- Exercise description
The copy should hold exactly the lines below from the one that contains "Dial 09495EA FIT" through the one that contains "Parajumpers Shispare Tee" and nothing else, so no pictures.

Segment Start: Data under study

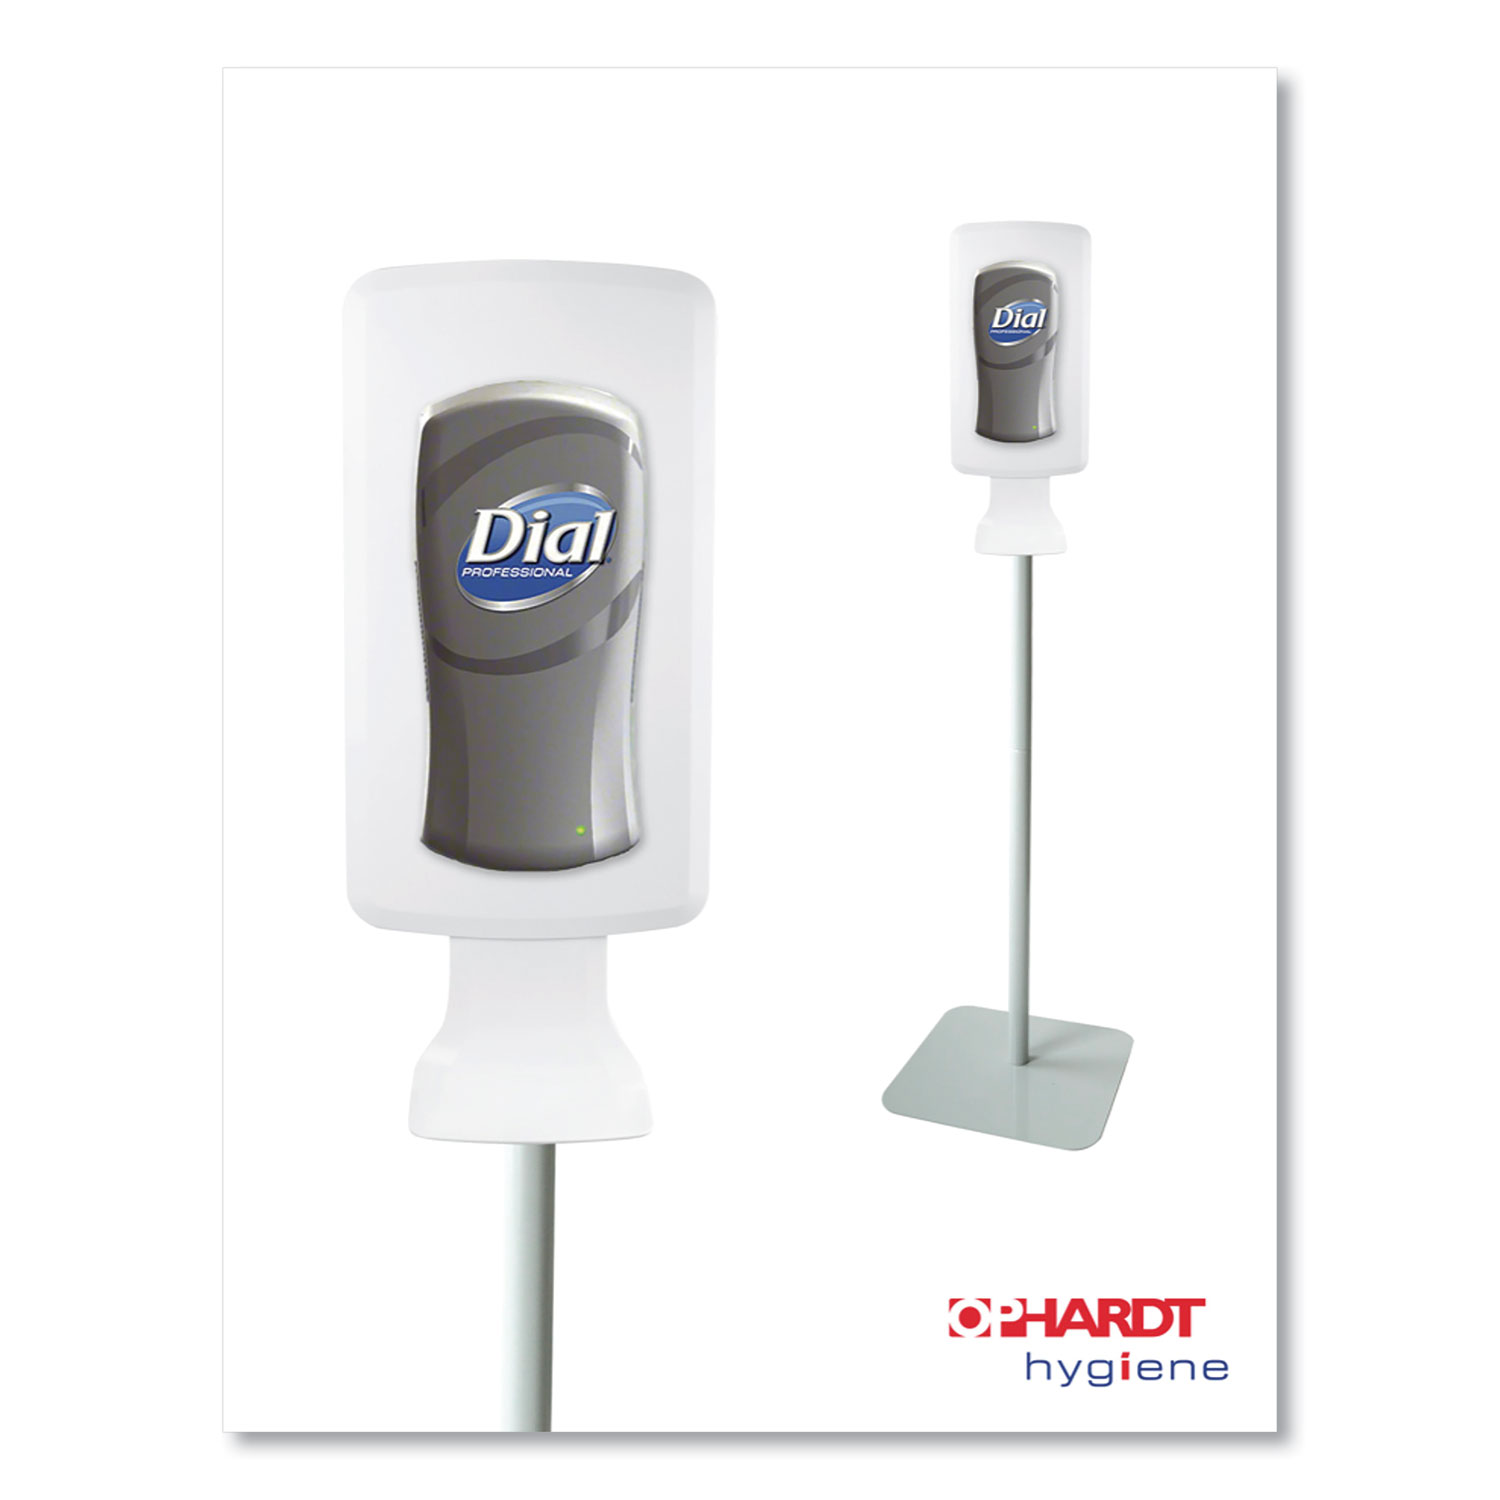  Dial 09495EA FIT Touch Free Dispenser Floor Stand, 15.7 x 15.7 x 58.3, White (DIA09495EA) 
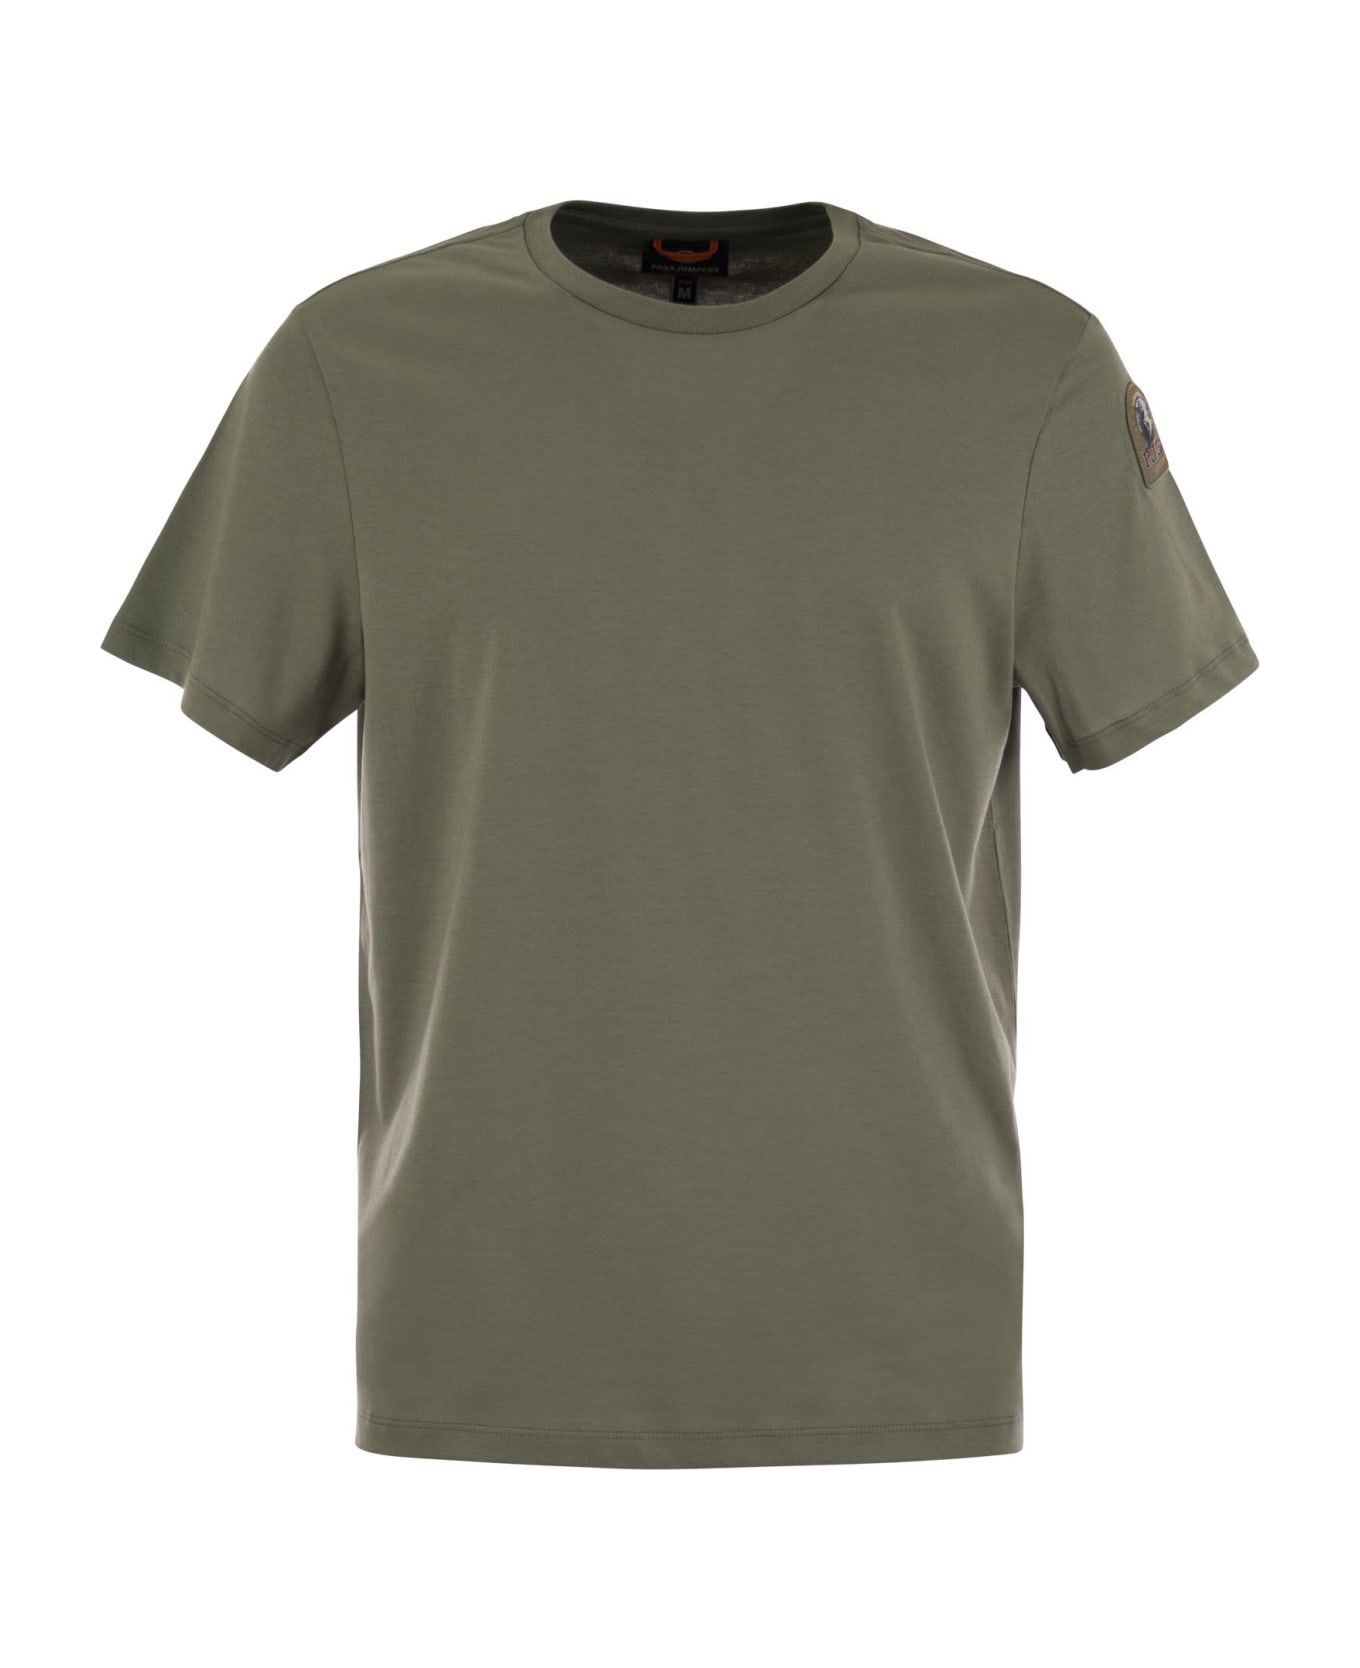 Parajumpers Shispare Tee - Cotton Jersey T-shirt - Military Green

Segment End: Data under study
Segment Start: Data under study

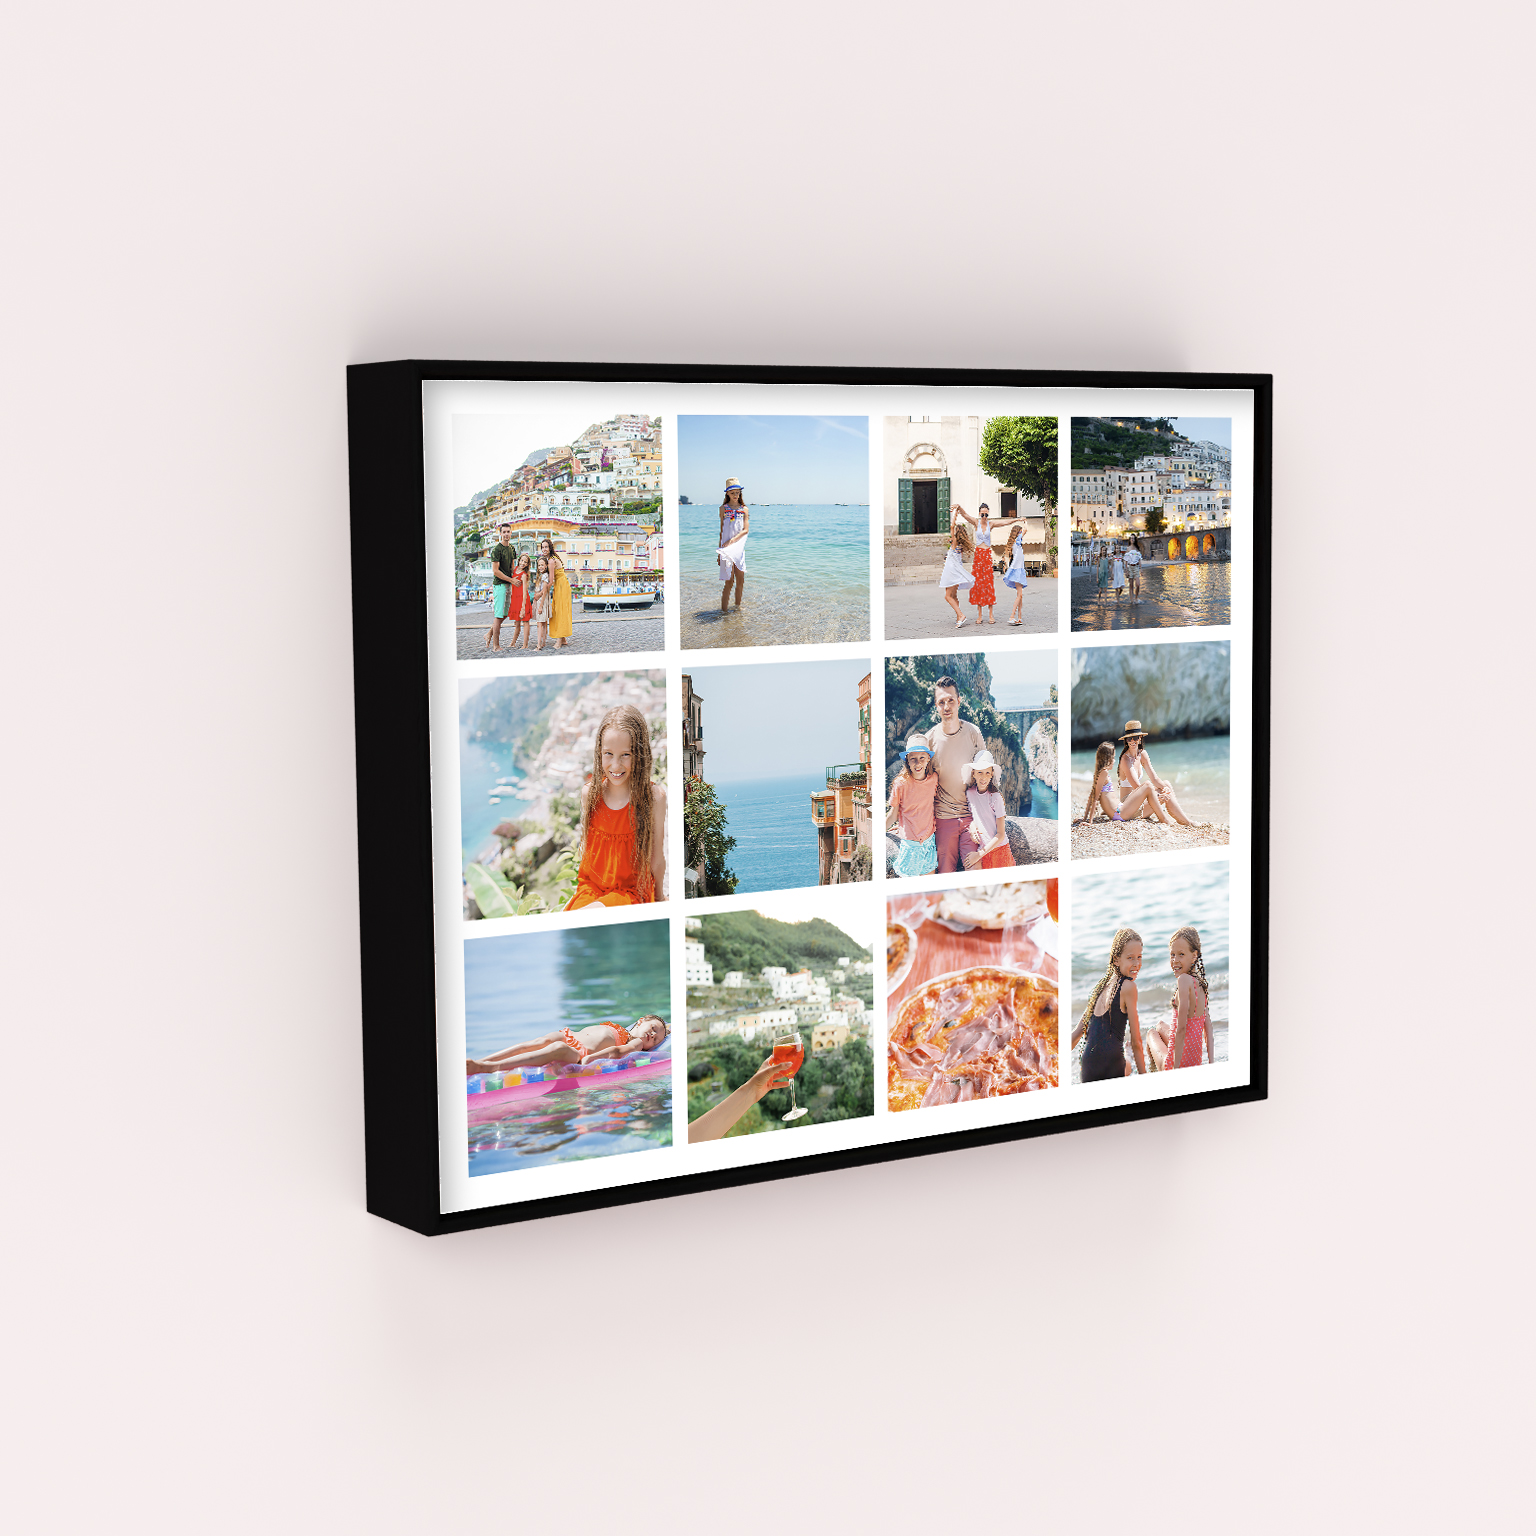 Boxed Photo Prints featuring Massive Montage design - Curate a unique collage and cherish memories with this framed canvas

Segment End: Data under study

- Result for this task
  Dial 09495EA FIT Touch Free Dispenser Floor Stand, 15.7 x 15.7 x 58.3, White (DIA09495EA) 
 Parajumpers Shispare Tee - Cotton Jersey T-shirt - Military Green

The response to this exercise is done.